SEED: Accelerating Reasoning Tree Construction via Scheduled Speculative Decoding
Zhenglin Wang, Jialong Wu, Yilong Lai, Congzhi Zhang, Deyu Zhou
TL;DR
The paper addresses the latency of reasoning-tree construction in large language models by accelerating the tree-building phase of reasoning tasks. It introduces SeeD, an inference framework that fuses Speculative Scheduled Execution with a rounds-scheduled FCFS policy to run multiple draft generators in parallel while a single target model verifies outputs, preserving the original output distribution. The authors present a two-phase approach (Parallel Drafting and Sequential Verification), an OS-inspired technical principle, and an algorithm to coordinate multiple drafts and verifications.

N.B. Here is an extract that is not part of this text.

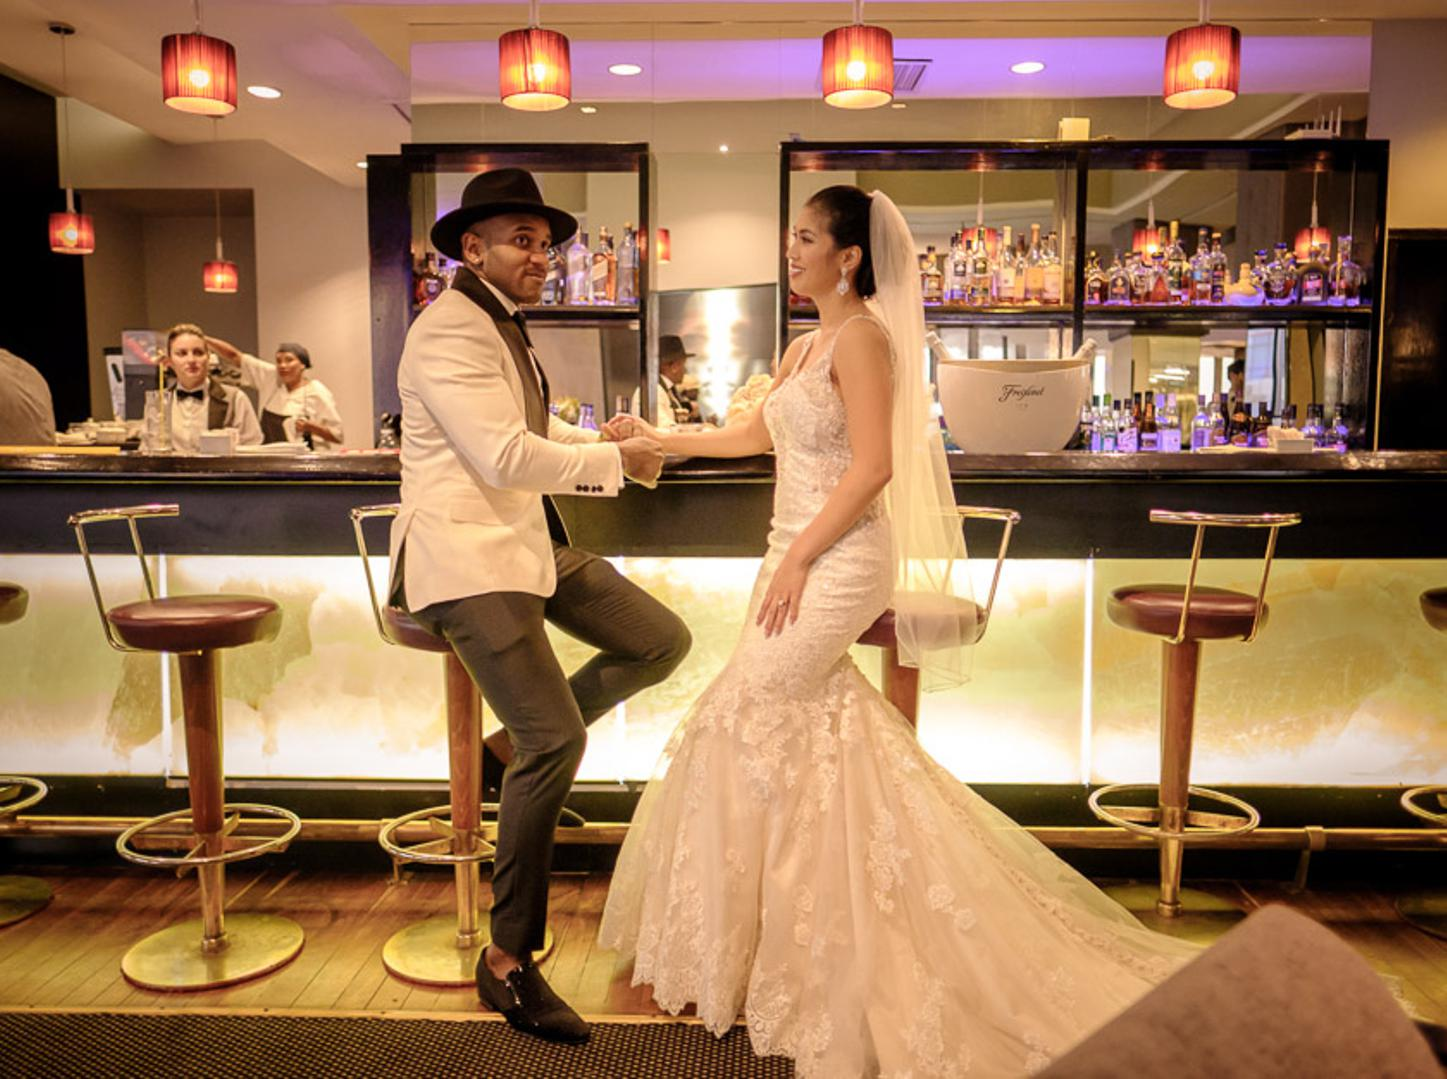 bodas-sin-clasificar-sin-tema-cuba-41151.jpg

Empirical results on GSM8K, Creative Writing, and Blocksworld show SeeD achieving up to about $1.5\times$ speedups and around $30$ additional tokens per second, with effective GPU utilization and memory management, all without additional training.
Abstract
Large Language Models (LLMs) demonstrate remarkable emergent abilities across various tasks, yet fall short of complex reasoning and planning tasks. The tree-search-based reasoning methods address this by surpassing the capabilities of chain-of-thought prompting, encouraging exploration of intermediate steps. However, such methods introduce significant inference latency due to the systematic exploration and evaluation of multiple thought paths. This paper introduces SeeD, a novel and efficient inference framework to optimize runtime speed and GPU memory management concurrently. By employing a scheduled speculative execution, SeeD efficiently handles multiple iterations for the thought generation and the state evaluation, leveraging a rounds-scheduled strategy to manage draft model dispatching. Extensive experimental evaluations on three reasoning datasets demonstrate superior speedup performance of SeeD, providing a viable path for batched inference in training-free speculative decoding.